(Entries taken from a collection)
========================================

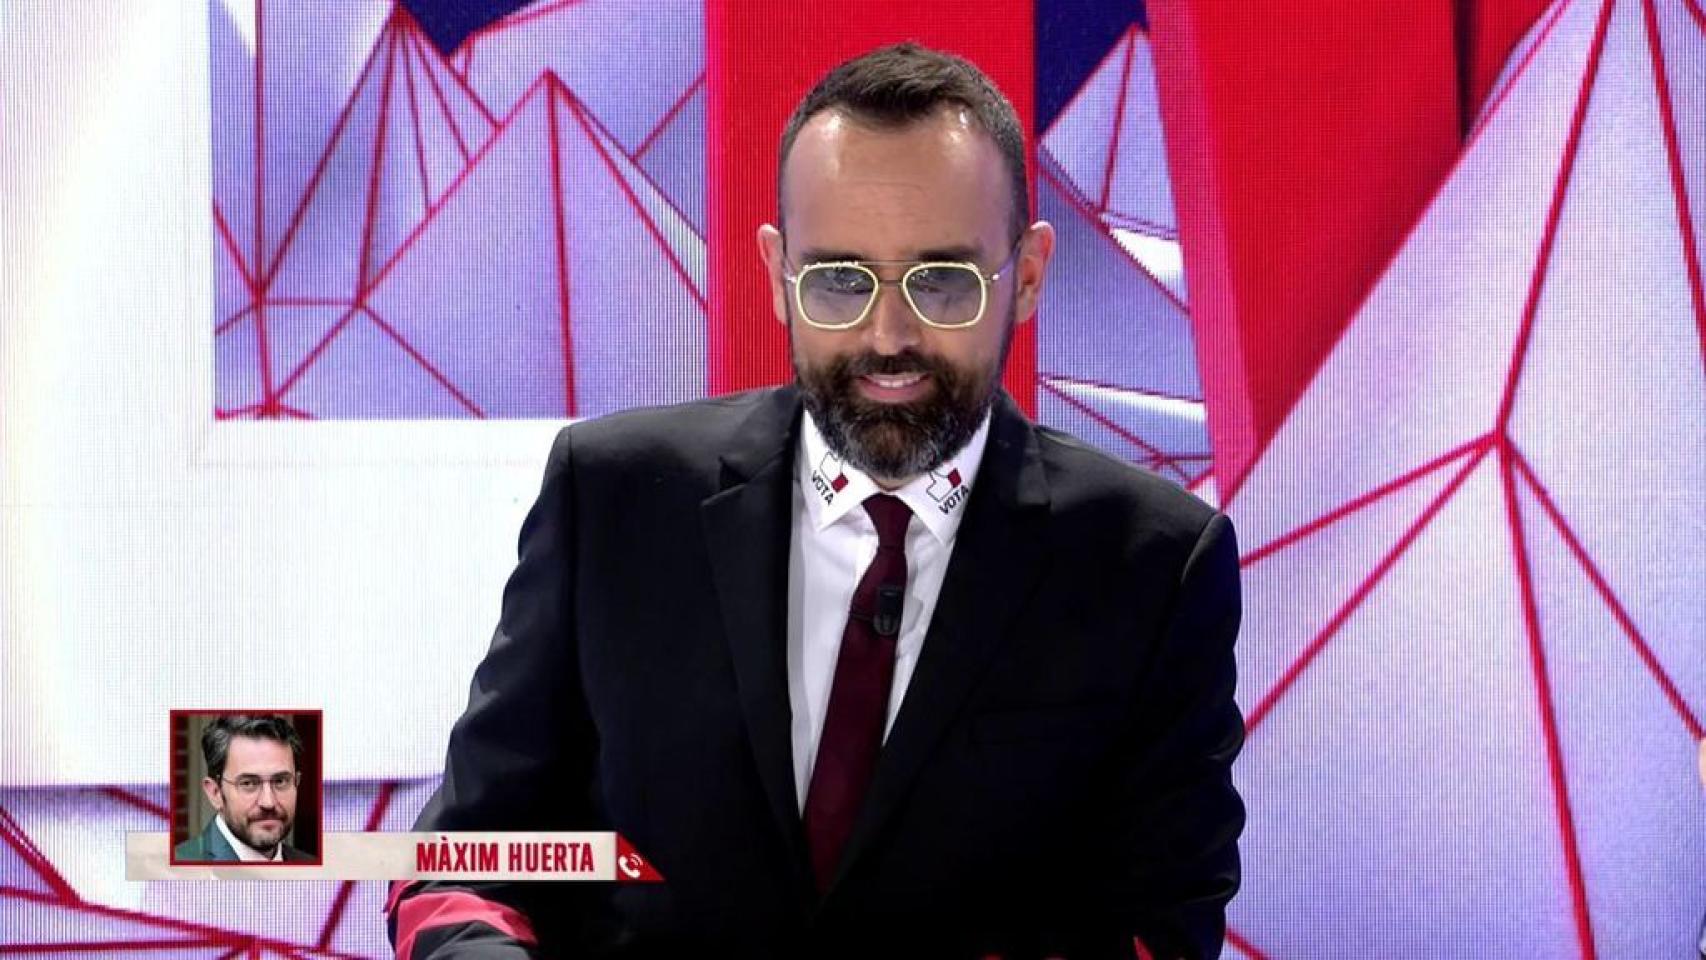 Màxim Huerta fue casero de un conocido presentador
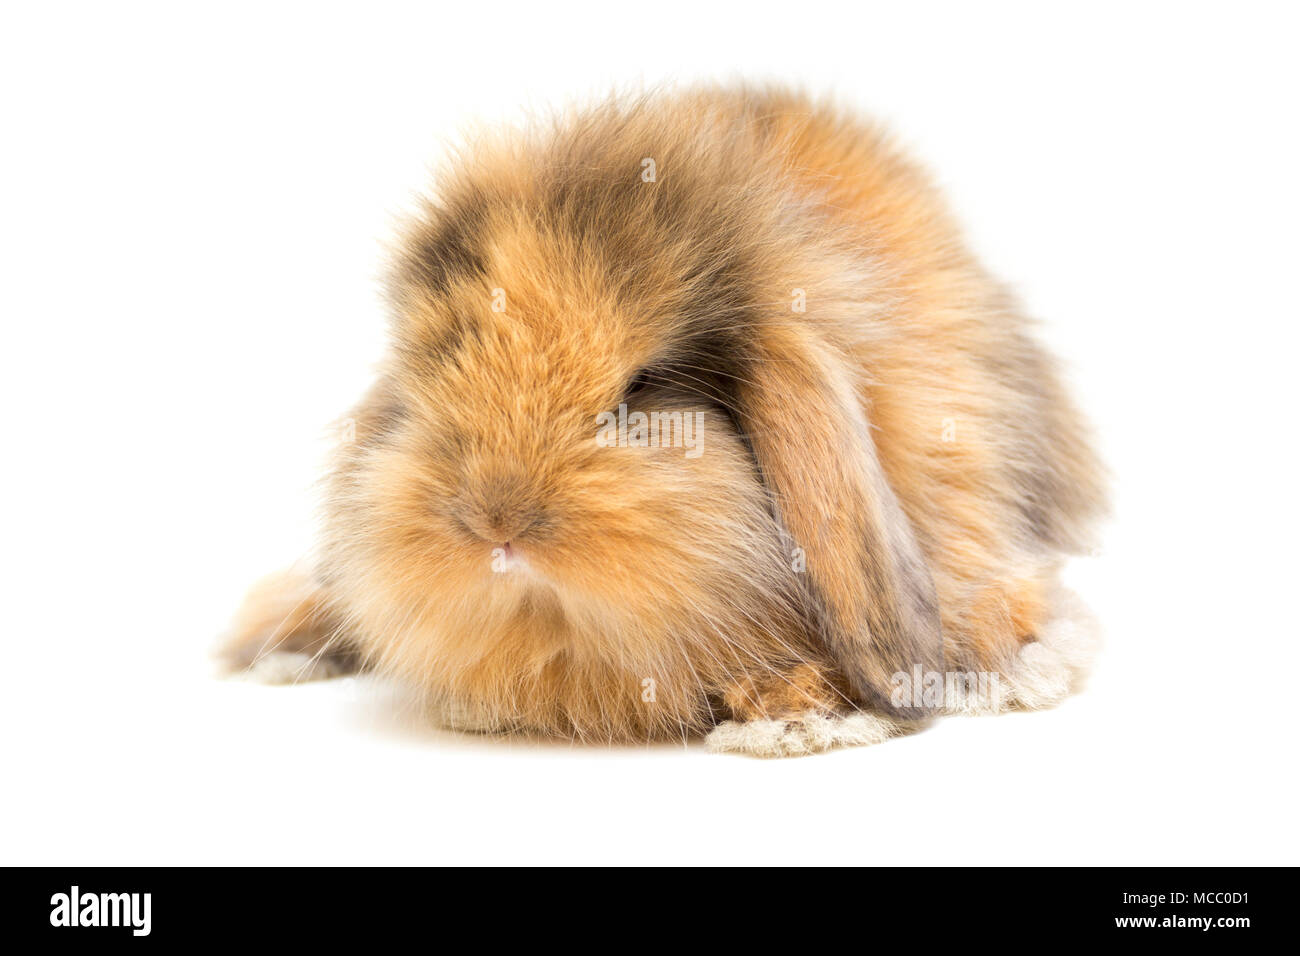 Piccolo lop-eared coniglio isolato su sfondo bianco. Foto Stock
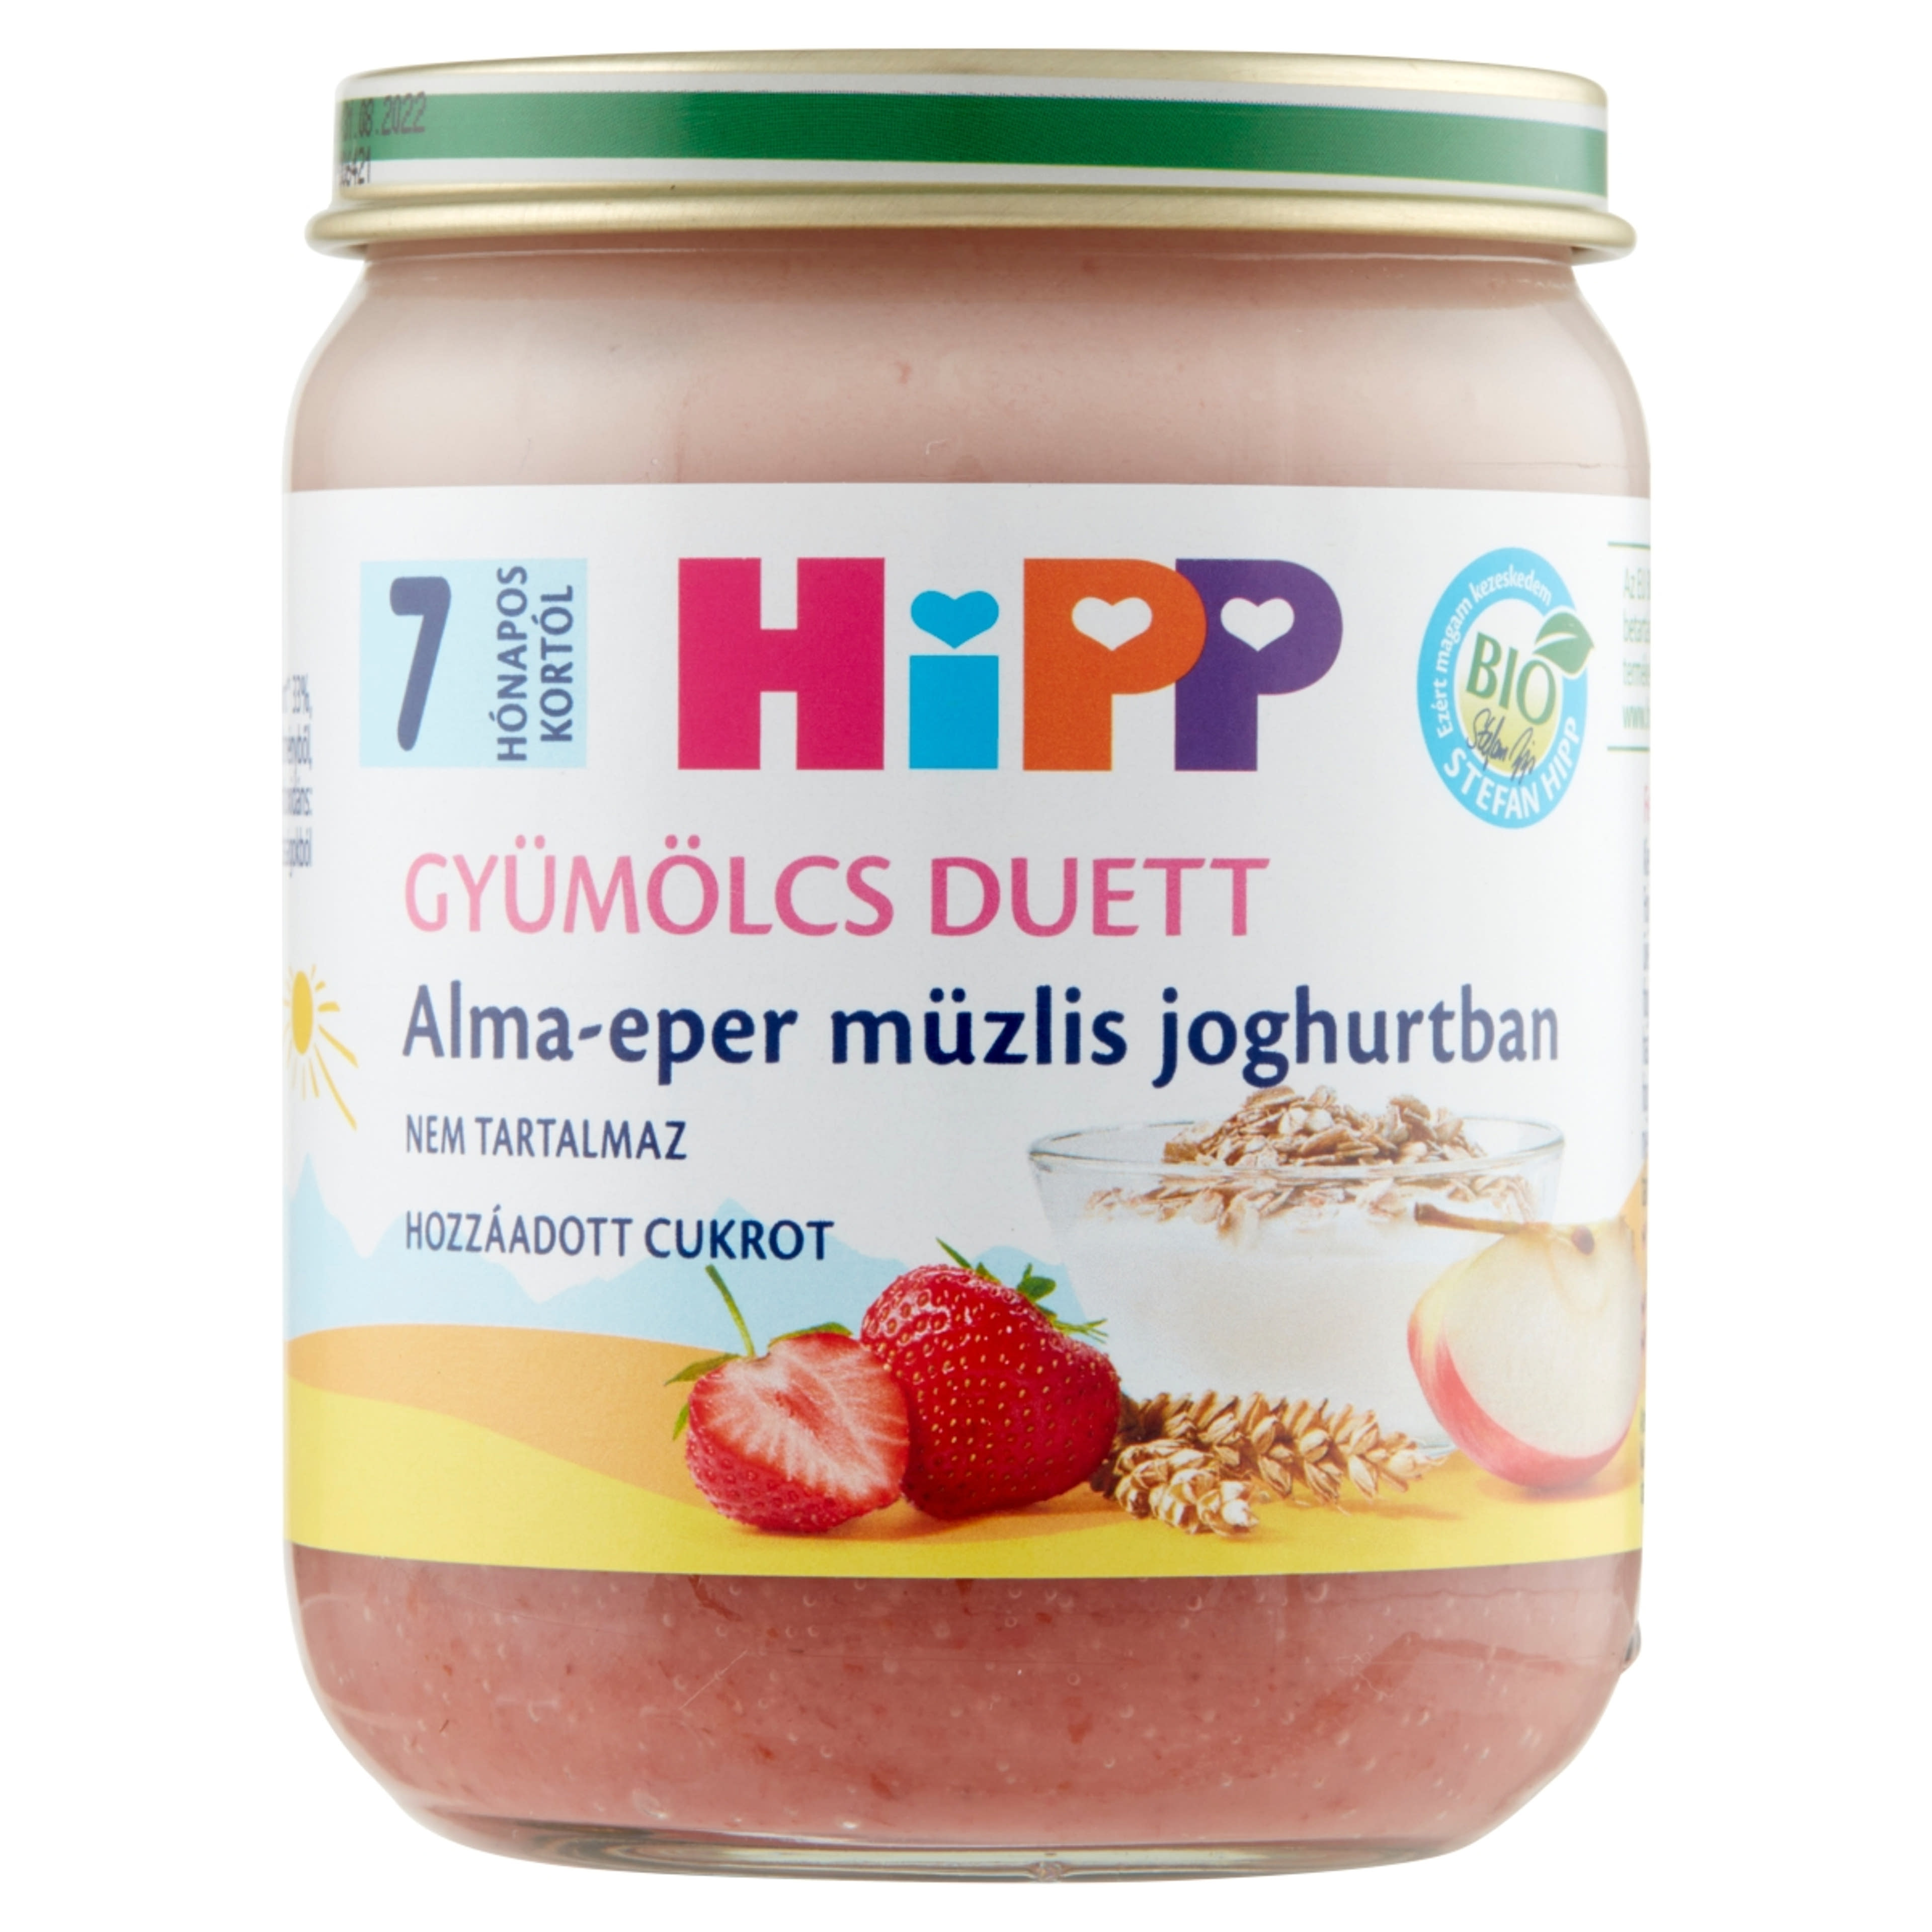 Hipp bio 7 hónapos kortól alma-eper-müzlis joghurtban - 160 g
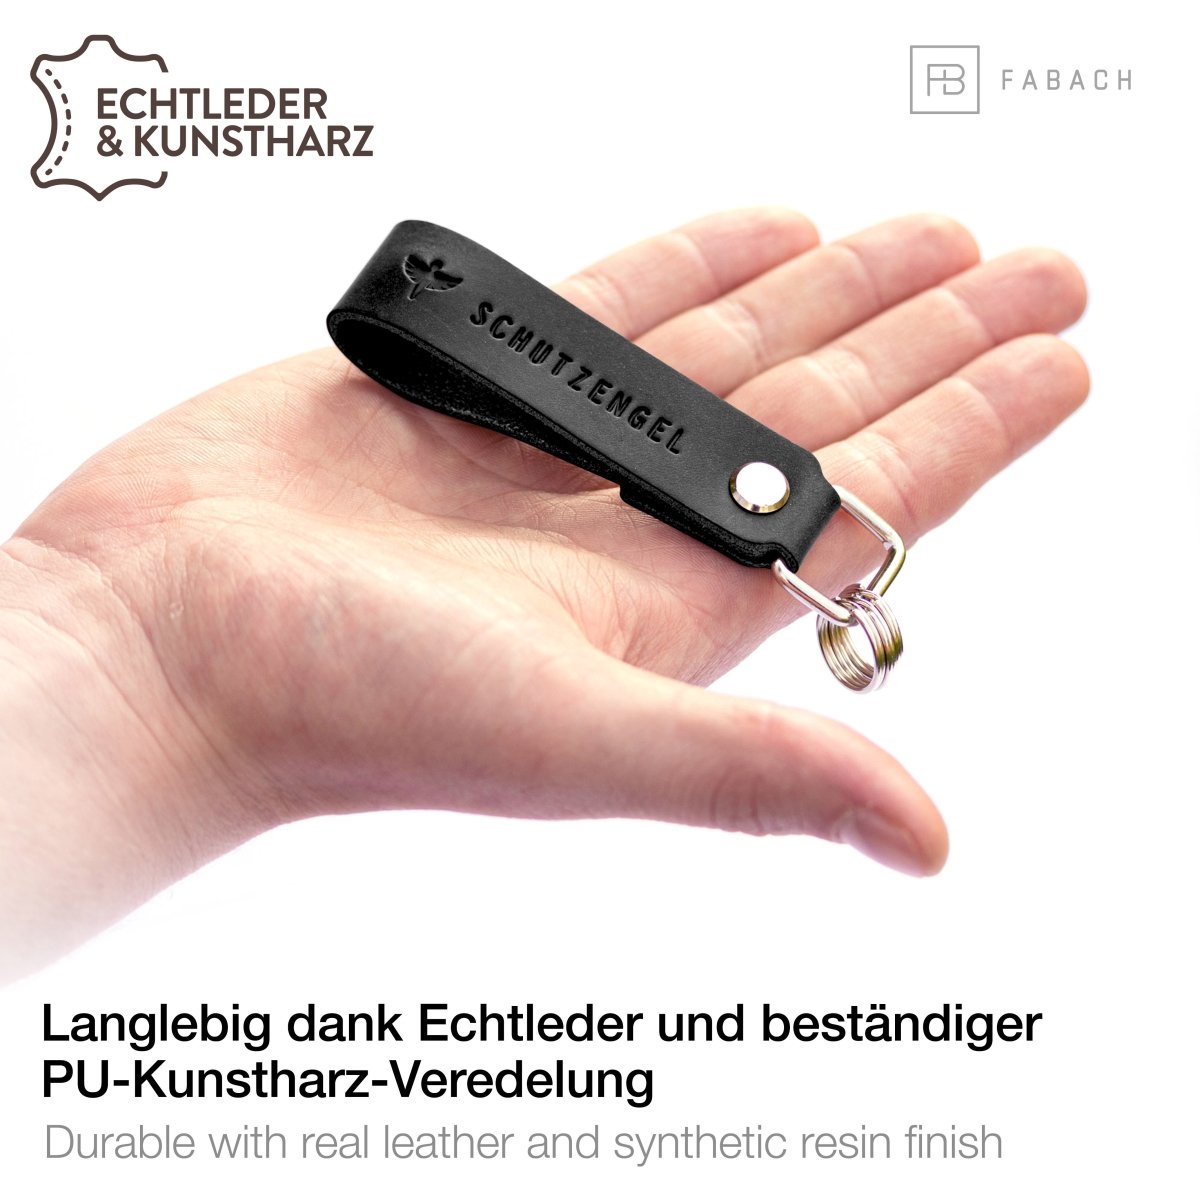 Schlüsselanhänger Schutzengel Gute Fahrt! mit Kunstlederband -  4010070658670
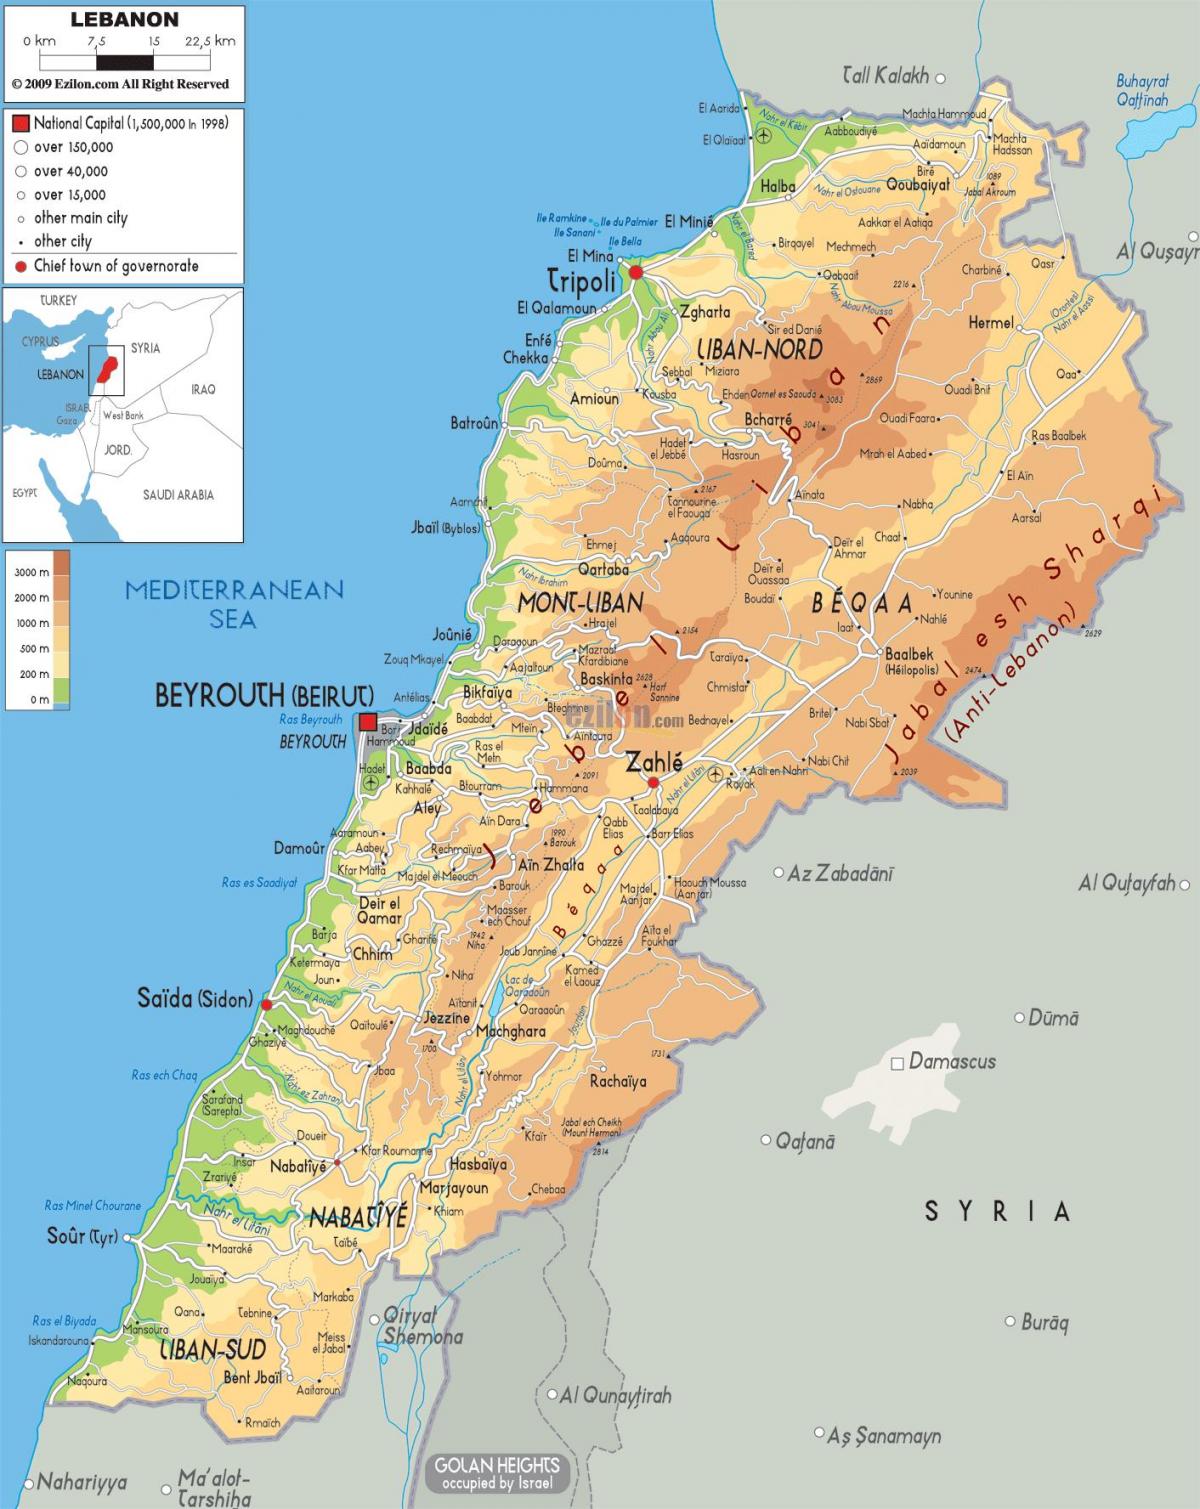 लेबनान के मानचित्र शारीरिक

========================================

Task
Write out the records above exactly as they appear, leaving out any pictures.

Finished task
 Màxim Huerta fue casero de un conocido presentador
 Piccolo lop-eared coniglio isolato su sfondo bianco. Foto Stock
 Hipp bio 7 hónapos kortól alma-eper-müzlis joghurtban - 160 g
 Schlüsselanhänger Schutzengel Gute Fahrt! mit Kunstlederband -  4010070658670
 लेबनान के मानचित्र शारीरिक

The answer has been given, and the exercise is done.